Available data:
┌──

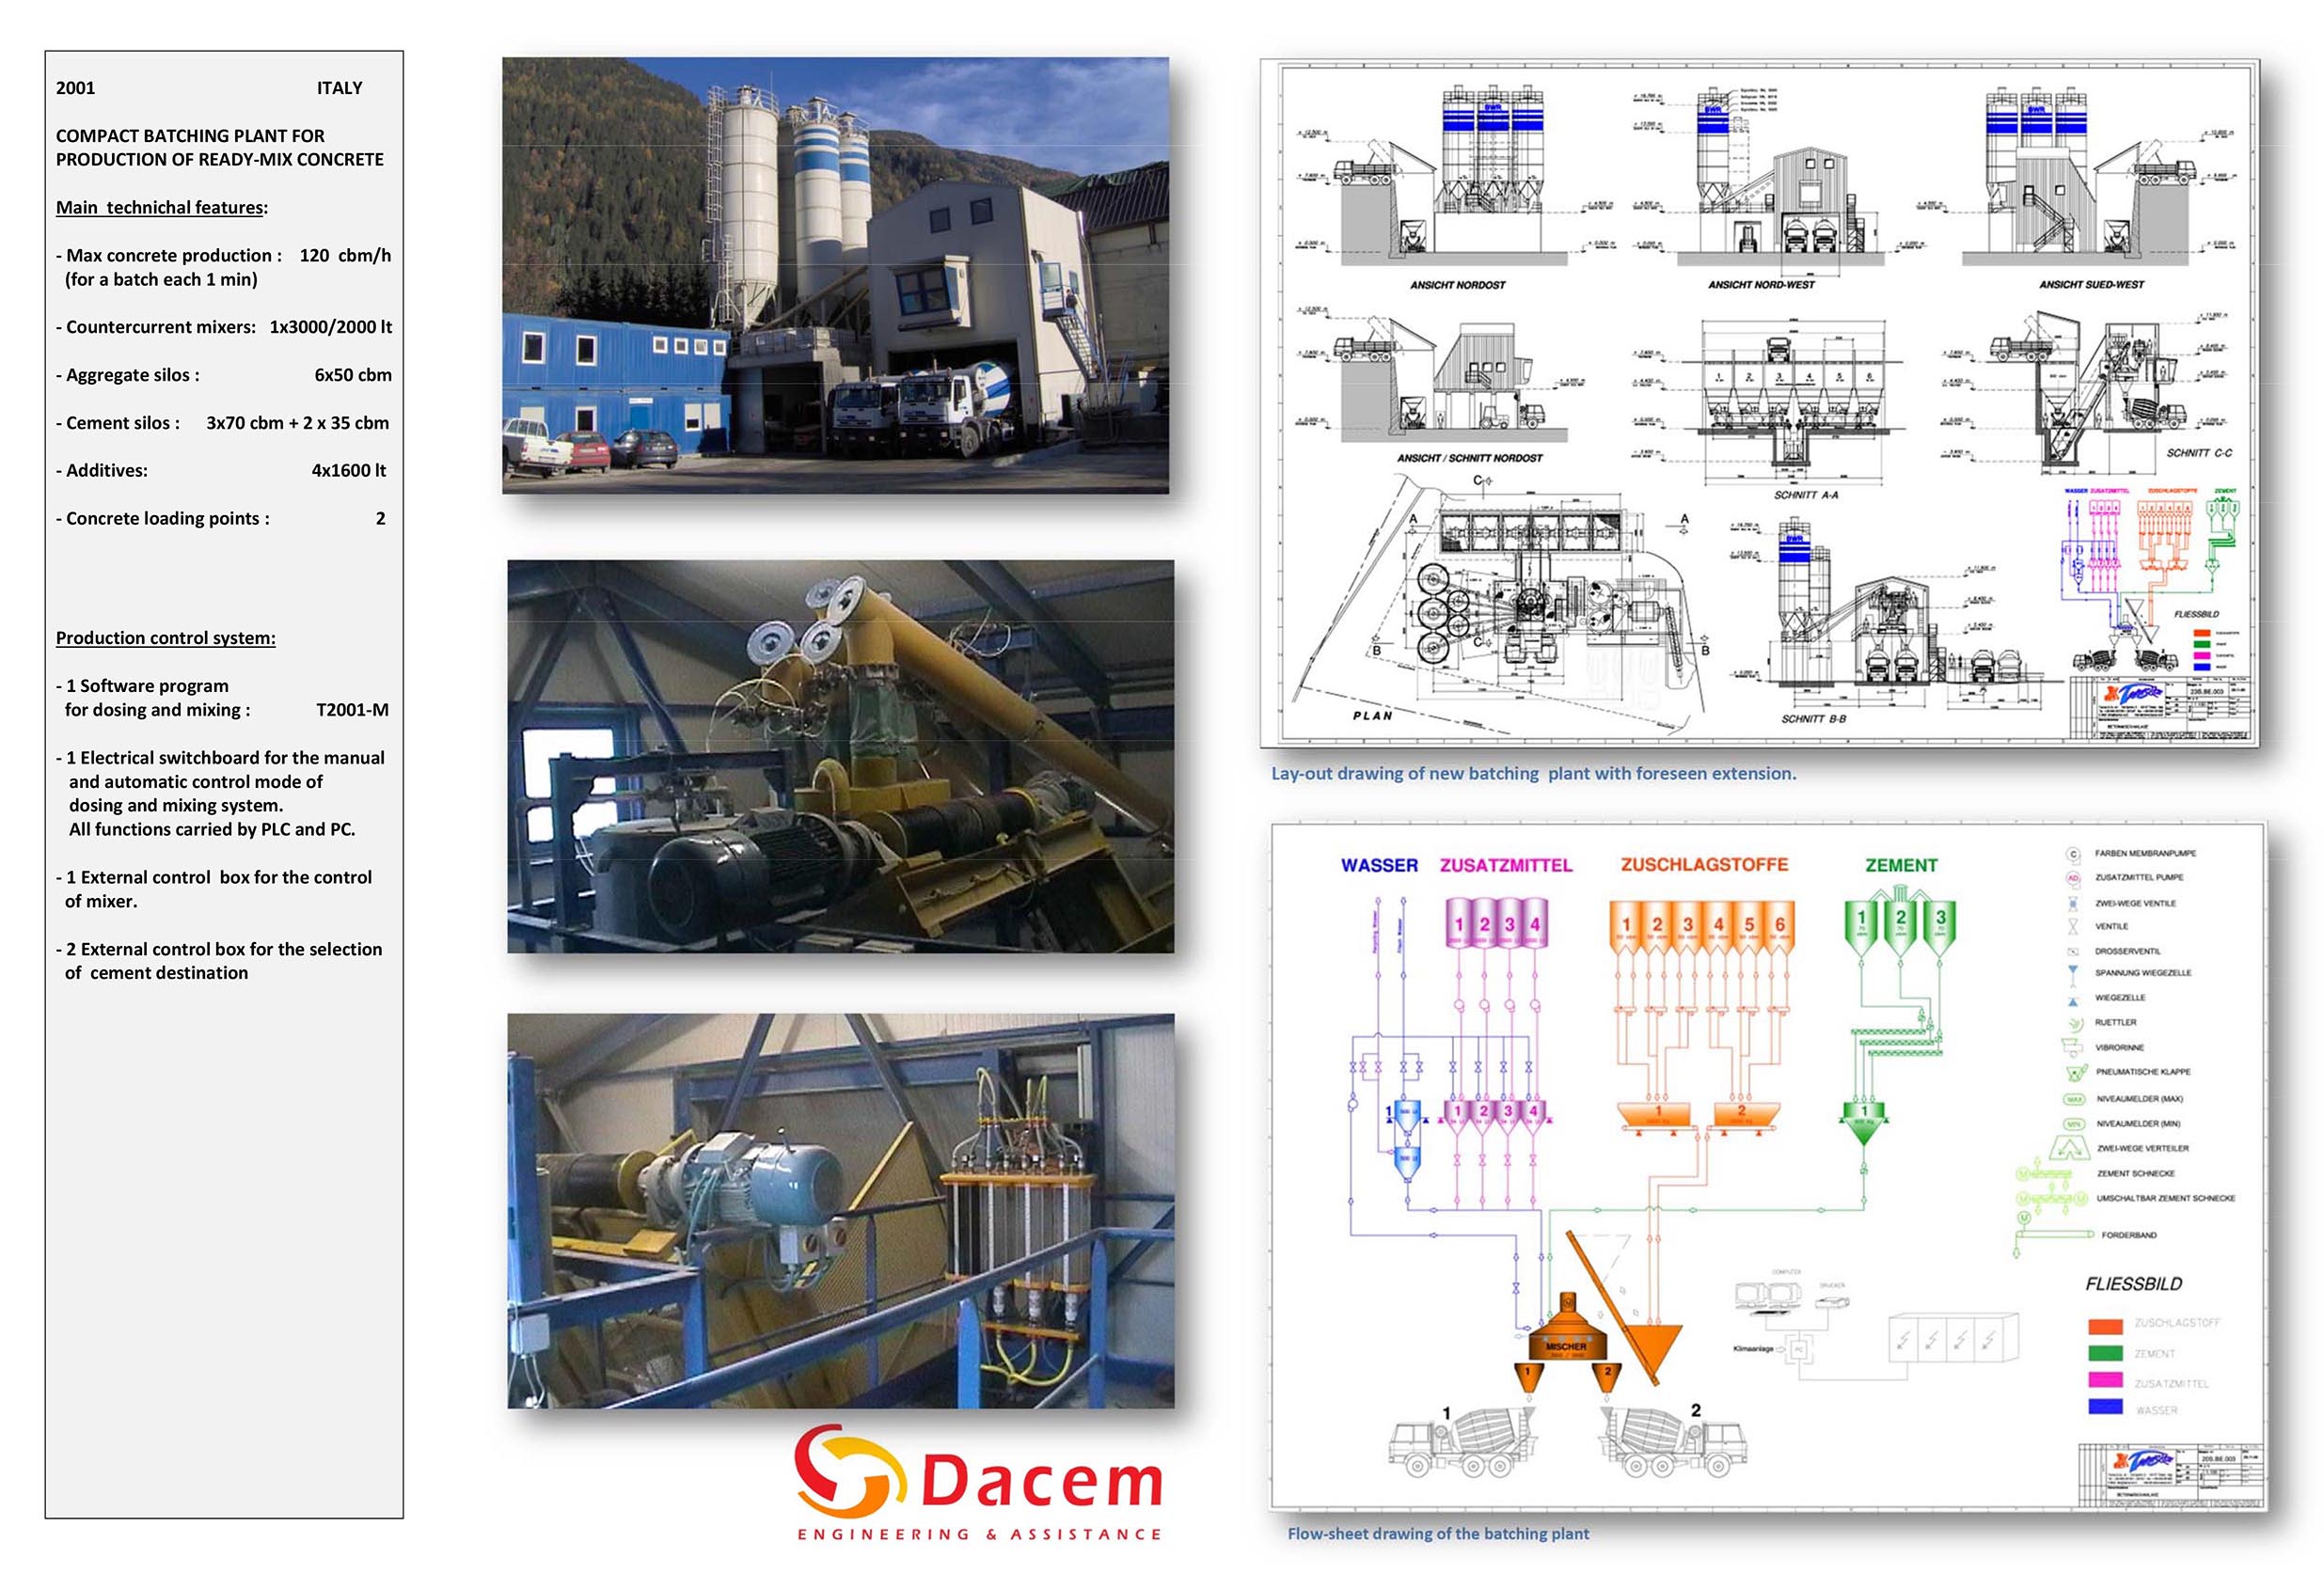 batching-and-mixing-plants-for-ready-mix-production-taurus-concretelle-engineering-italy-2001
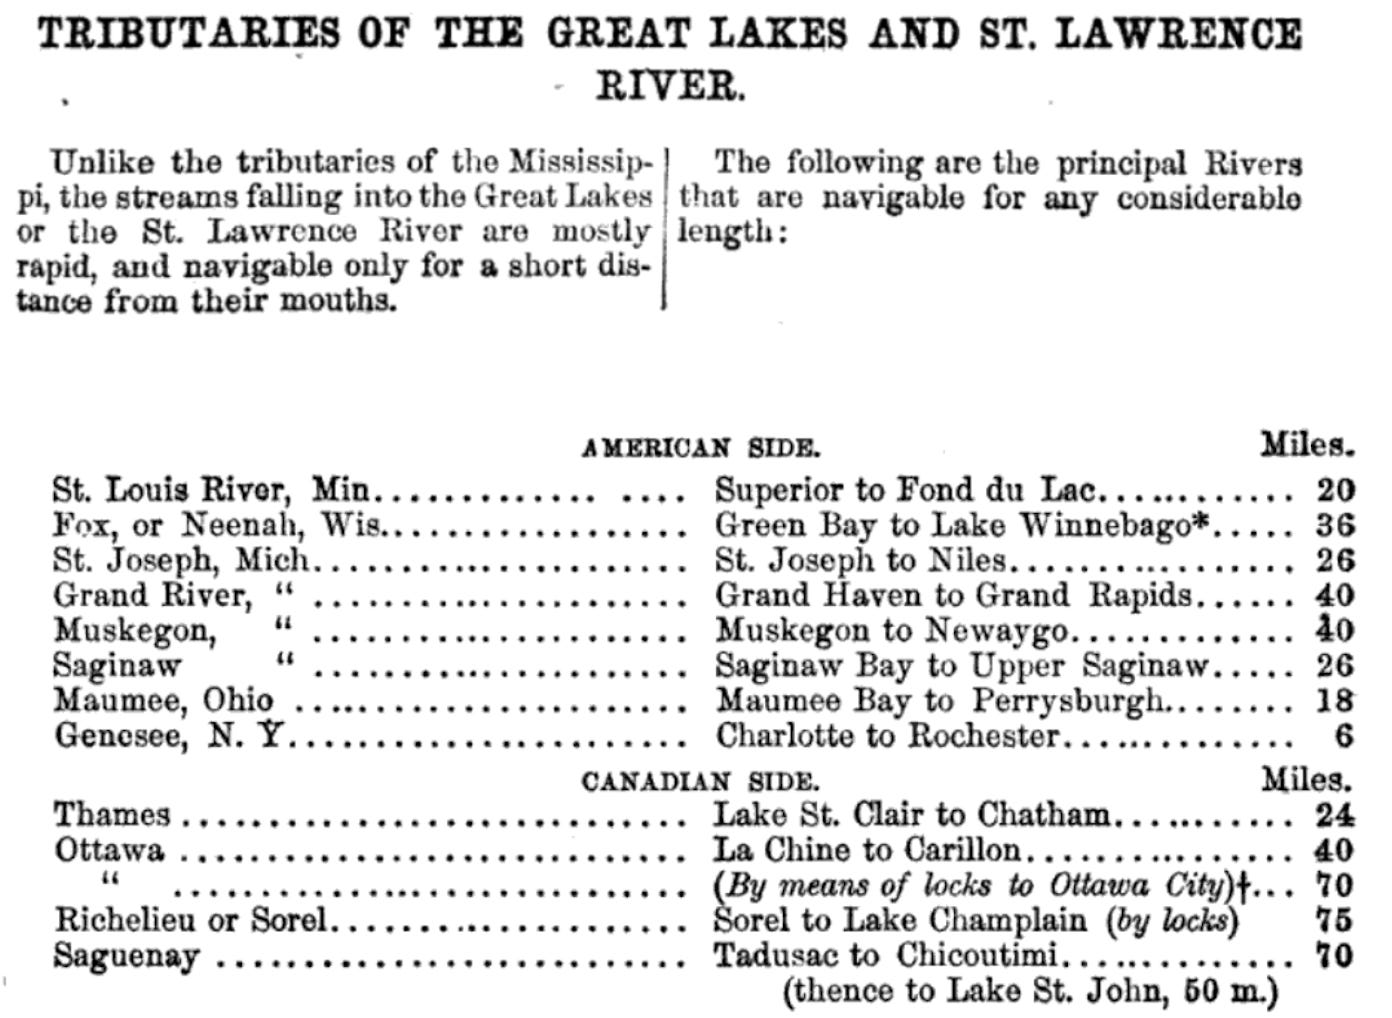 Page from an old book listing tributaries of the Great Lakes and St. Lawrence River
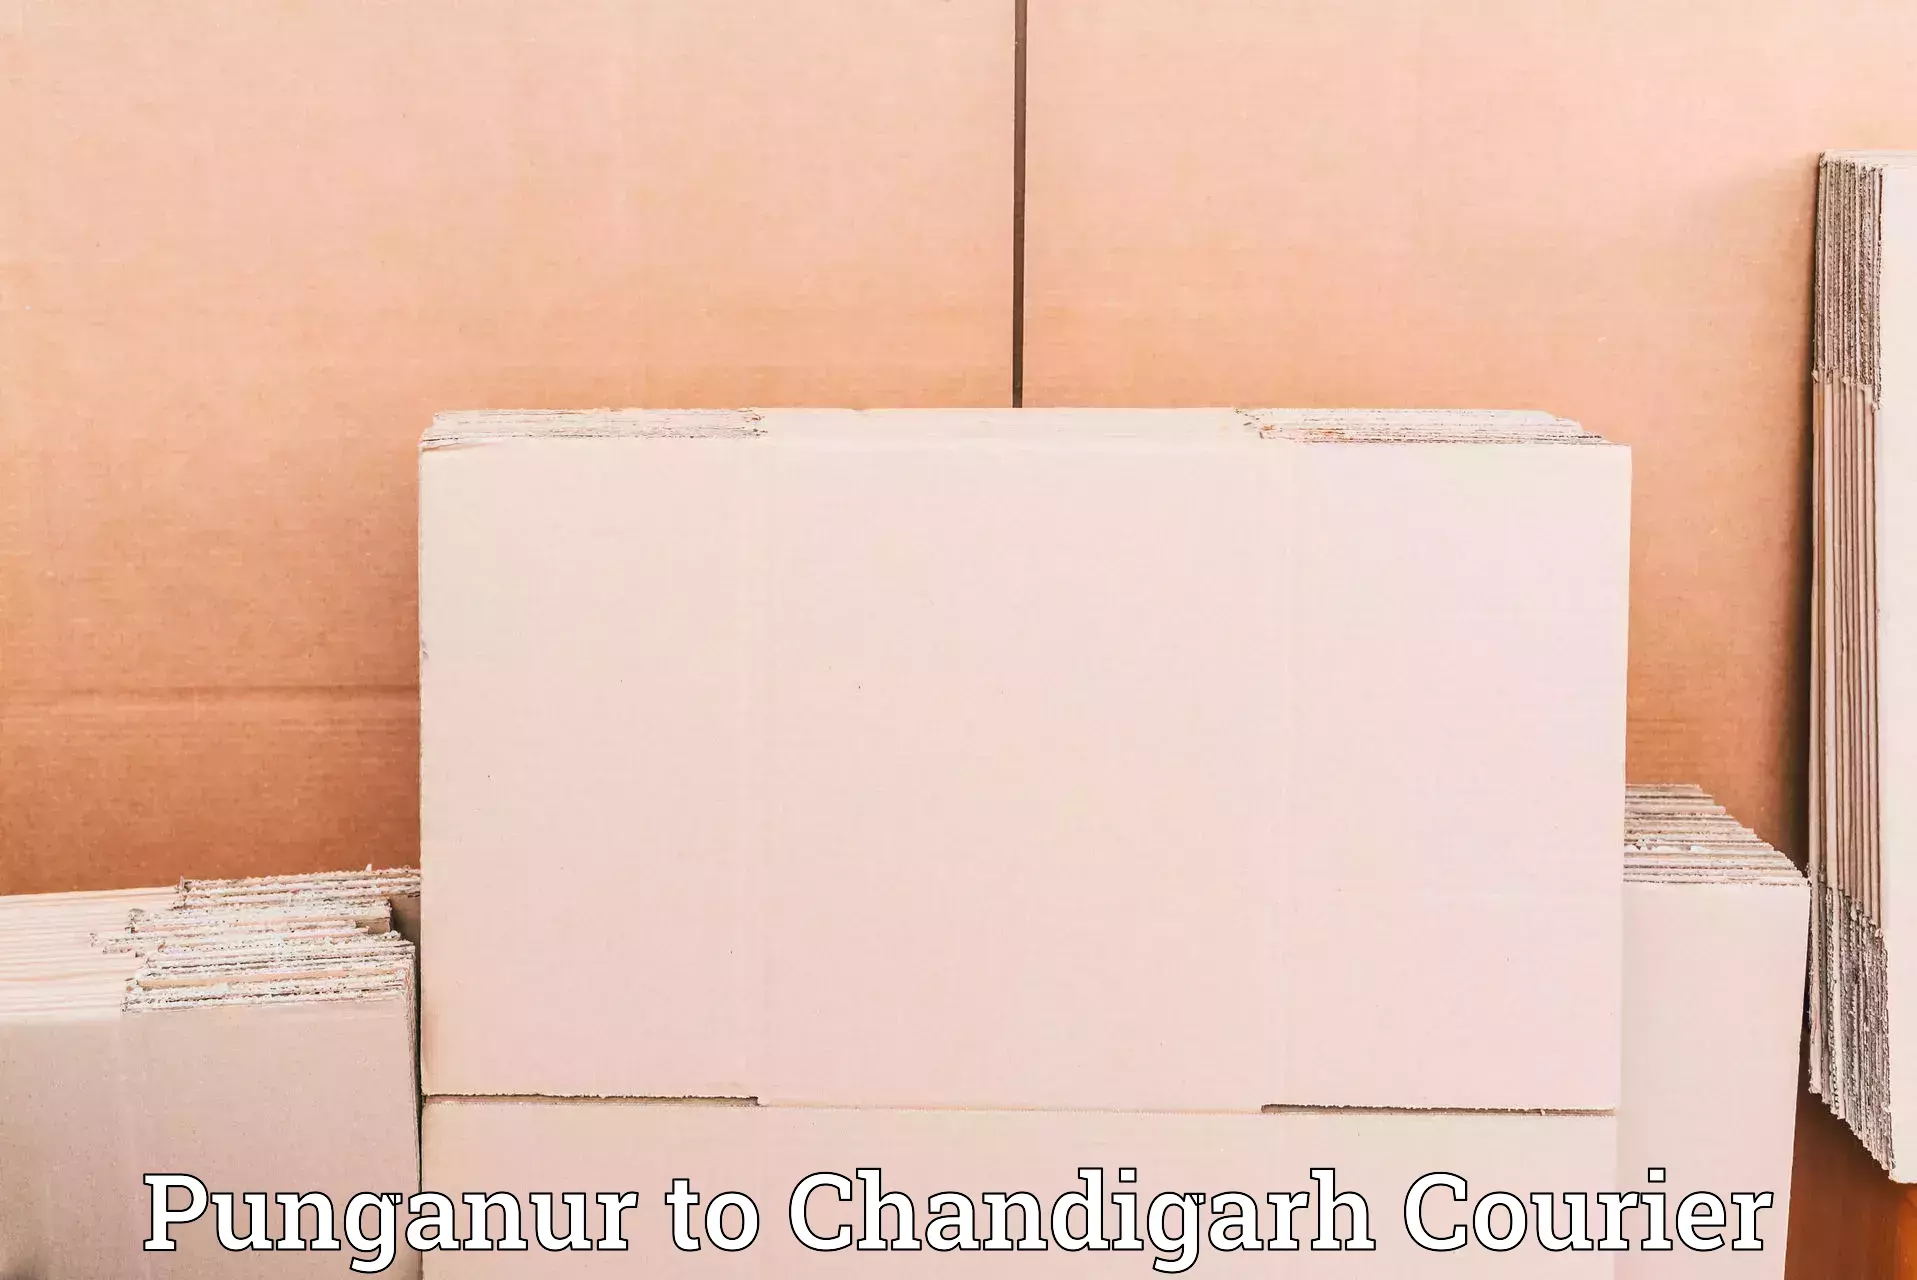 Cargo delivery service Punganur to Chandigarh

└──

Could you return the whole listing exactly, images excluded?

 batching-and-mixing-plants-for-ready-mix-production-taurus-concretelle-engineering-italy-2001
 Page from an old book listing tributaries of the Great Lakes and St. Lawrence River
 Cargo delivery service Punganur to Chandigarh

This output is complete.